Does $A_P \otimes_A A_Q$ have a nice description? Let $A$ be a ring and suppose $P$ and $Q$ are distinct maximal ideals. I am trying to understand the ring $A_P \otimes A_Q$. I am wondering if $A_P \otimes A_Q$ is ring isomorphic to something else I can get my hands on. Is there some other ring isomorphic to $A_P \otimes A_Q$ that can help me understand $A_P \otimes A_Q$? Thanks.
 A: Here is my claim, which I prove below:

Given multiplicative systems $S_1, S_2 \subseteq A$, we have $$S_1^{-1}A \otimes_A S_2^{-1}A \cong (S_1 S_2)^{-1}A,$$
  where $S_1 S_2 = \{s_1 s_2 \mid s_1 \in S_1, s_2 \in S_2\}$ is the multiplicative system generated by $S_1 \cup S_2$.

It is not hard to see that $(S_1S_2)^{-1}A = \bar S_1^{-1}(S_2^{-1}A)$, where $\bar S_1$ is the image of $S_1$ in $S_2^{-1}A$.

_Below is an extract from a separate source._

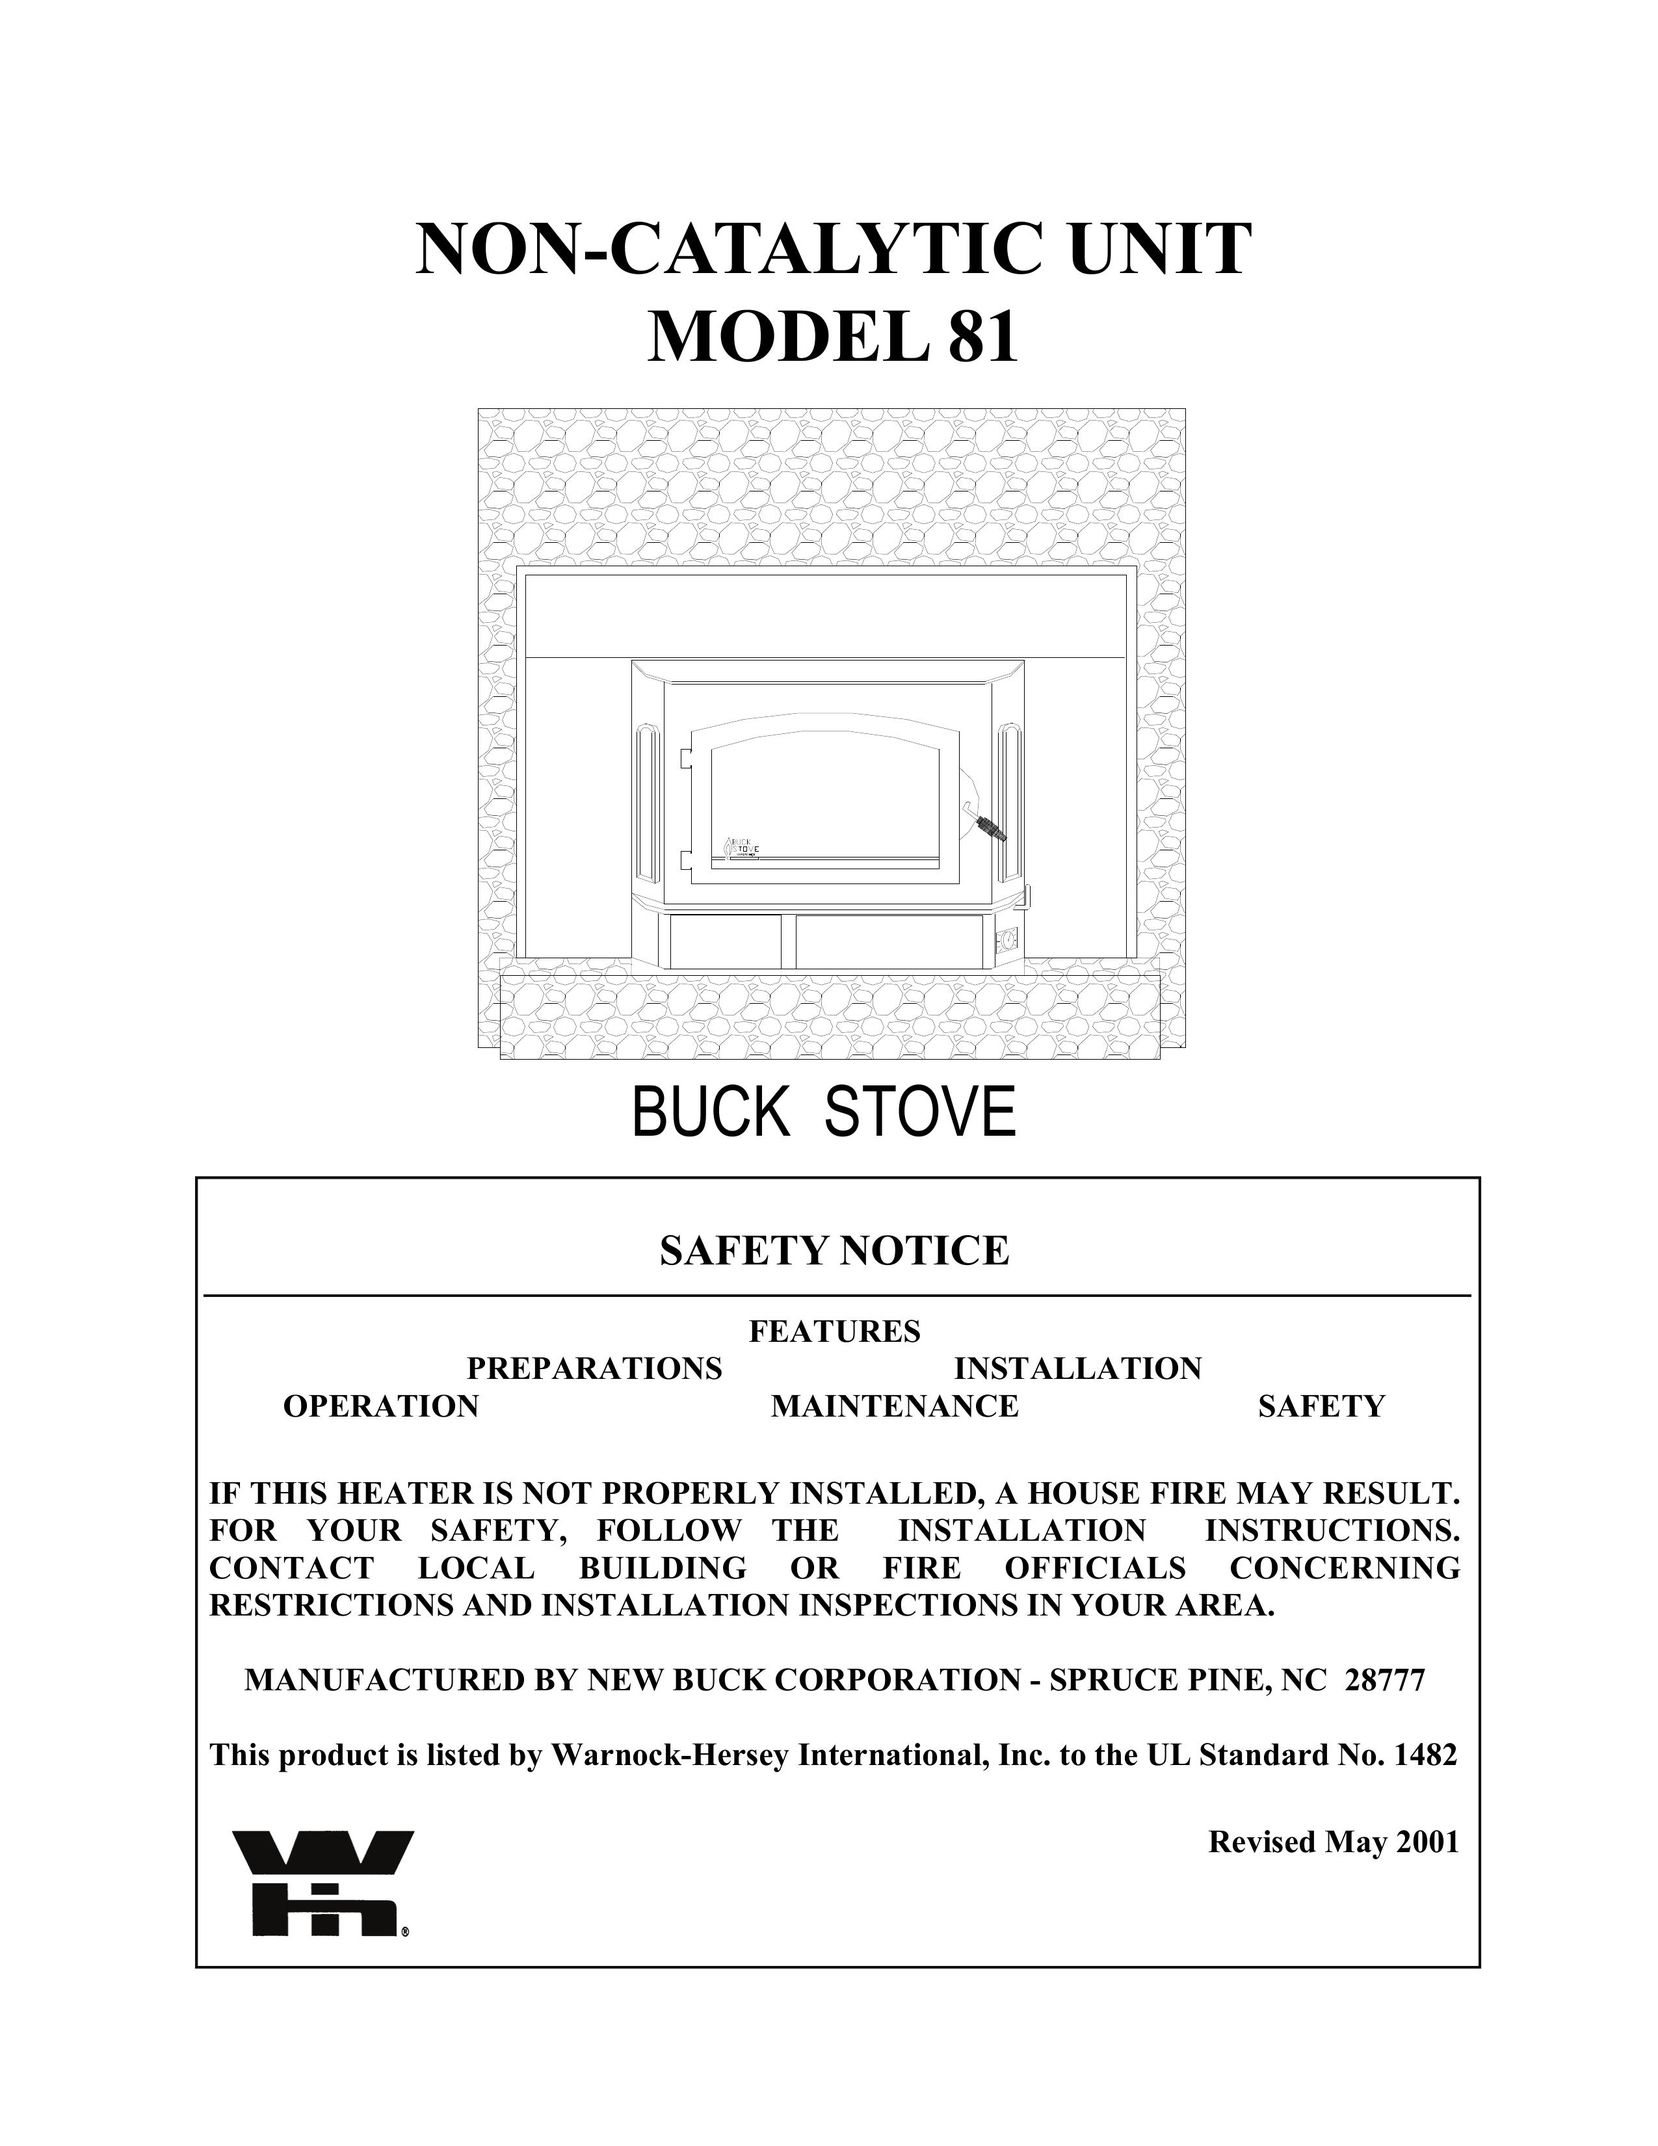 New Buck Corporation 81 Indoor Fireplace User Manual
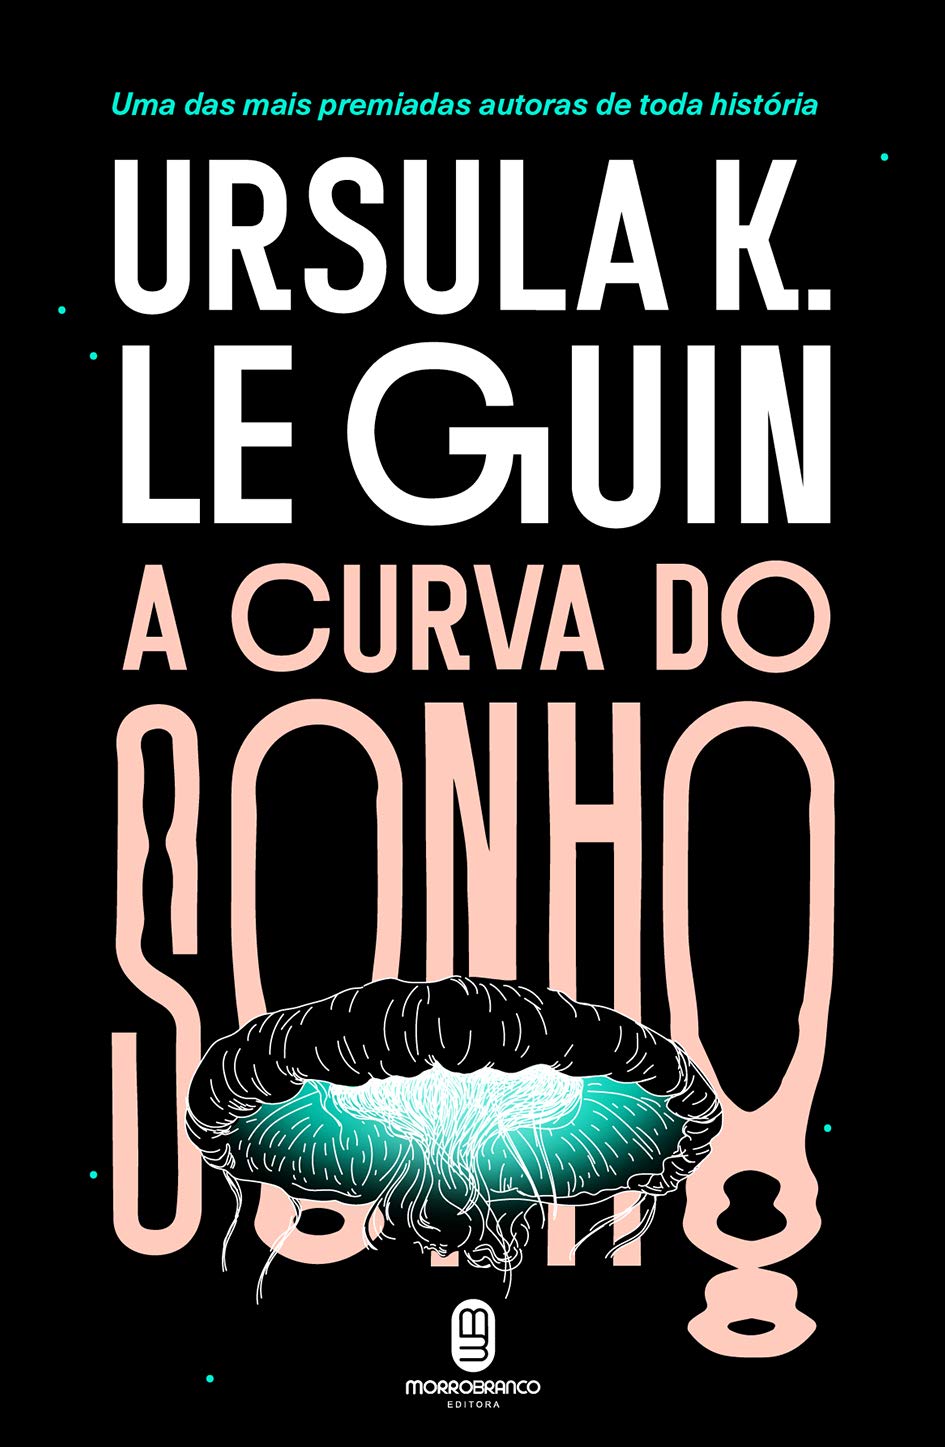 Ursula K. Le Guin: A Curva do Sonho (Português language, 2021, Morro Branco)

Why is the claim true? Because localization and tensor product both have universal properties.
Let me state the universal property for localization a little differently than usual: If $S \subseteq A$ is a multiplicative system, then $\eta_{S^{-1}A} \colon A \to S^{-1}A$ is an $A$-algebra with the universal property that, given any $A$-algebra $\eta_B \colon A \to B$ such that $\eta_B(S)$ is contained in the units $B^\times$ of $B$, there is a unique $A$-algebra morphism $f \colon S^{-1}A \to B$ (i.e. $f$ is a ring homomorphism with $f \circ \eta_{S^{-1}A} = \eta_B$). Put more concisely, $S^{-1}A$ is the initial object in the category consisting of $A$-algebras in which $S$ maps to units.
Tensor product also has a universal property -- it's the coproduct in the category of $A$-algebras.
Now we prove the claim. For brevity, let $T = S_1^{-1}A \otimes_A S_2^{-1}A$.
We show that $T$ satisfies the universal property of $(S_1S_2)^{-1}A$. So let $\eta_B \colon A \to B$ be any $A$-algebra such that $\eta_B(S_1S_2) \subseteq B^\times$; we must show there is a unique $A$-algebra map $T \to B$. Now $S_i \subseteq S_1 S_2$ implies the existence of unique $A$-algebra map $f_i \colon S_i^{-1}A \to B$. Then since $T$ is a coproduct, there is a unique $A$-algebra map $f \colon T \to B$ such that $f \circ \iota_i = f_i$, where $\iota_i \colon S_i^{-1}A \to S_1^{-1}A \otimes S_2^{-1}A$ are the obvious maps. Now if $g \colon T \to B$ is any other $A$-algebra map, then $g \circ \iota_i = f_i$ by uniqueness of $f_i$, so $g = f$ by uniqueness of $f$.
A: I wrote this up but haven't carefully checked the details.  Hope it's right.  Let $W$ be the image of $A - Q$ in $A_P$.  Then $A_P \otimes_A A_Q$ is isomorphic as an $A$-algebra to the localization of $A_P$ at $W$.  
Proof: Consider the ring homomorphism $f: A_P \rightarrow A_P \otimes_A A_Q, x \mapsto x \otimes 1$.  Let $B$ be any ring, and suppose $\phi: A_P \rightarrow B$ is a ring homomorphism which sends elements of $W$ to units in $B$.  We are done if we can show that there exists a unique ring homomorphism $\bar{\phi}: A_P \otimes_A A_Q \rightarrow B$ such that $\bar{\phi} \circ f = \phi$.  
The map $A_P \times A_Q \rightarrow B, (\frac{a}{s}, \frac{y}{z}) \mapsto \phi(\frac{ay}{s}) \phi(\frac{z}{1})^{-1}$ is  well defined and $A$-bilinear, so there exists a unique $A$-linear map defined on generators
$$A_P \otimes_A A_Q \rightarrow B$$ by the same formula.  You can check that it's also a ring homomorphism, and that it satisfies the uniqueness.
Since $A_P \otimes_A A_Q$ satisfies the uniqueness property for localizations, there exists a unique ring isomorphism $\psi:W^{-1}A_P \rightarrow A_P \otimes_A A_Q$ such that $\psi(\frac{\frac{a}{s}}{1}) = \frac{a}{s} \otimes 1$, and this is also clearly $A$-linear, so $\psi$ is an $A$-algebra isomorphism.  $\blacksquare$
For example, if $A$ is an integral domain, and $P,Q$ are height one maximal ideals (e.g. $A$ is a Dedekind domain), then $A_P \otimes_A A_Q$ should just be the quotient field of $A$.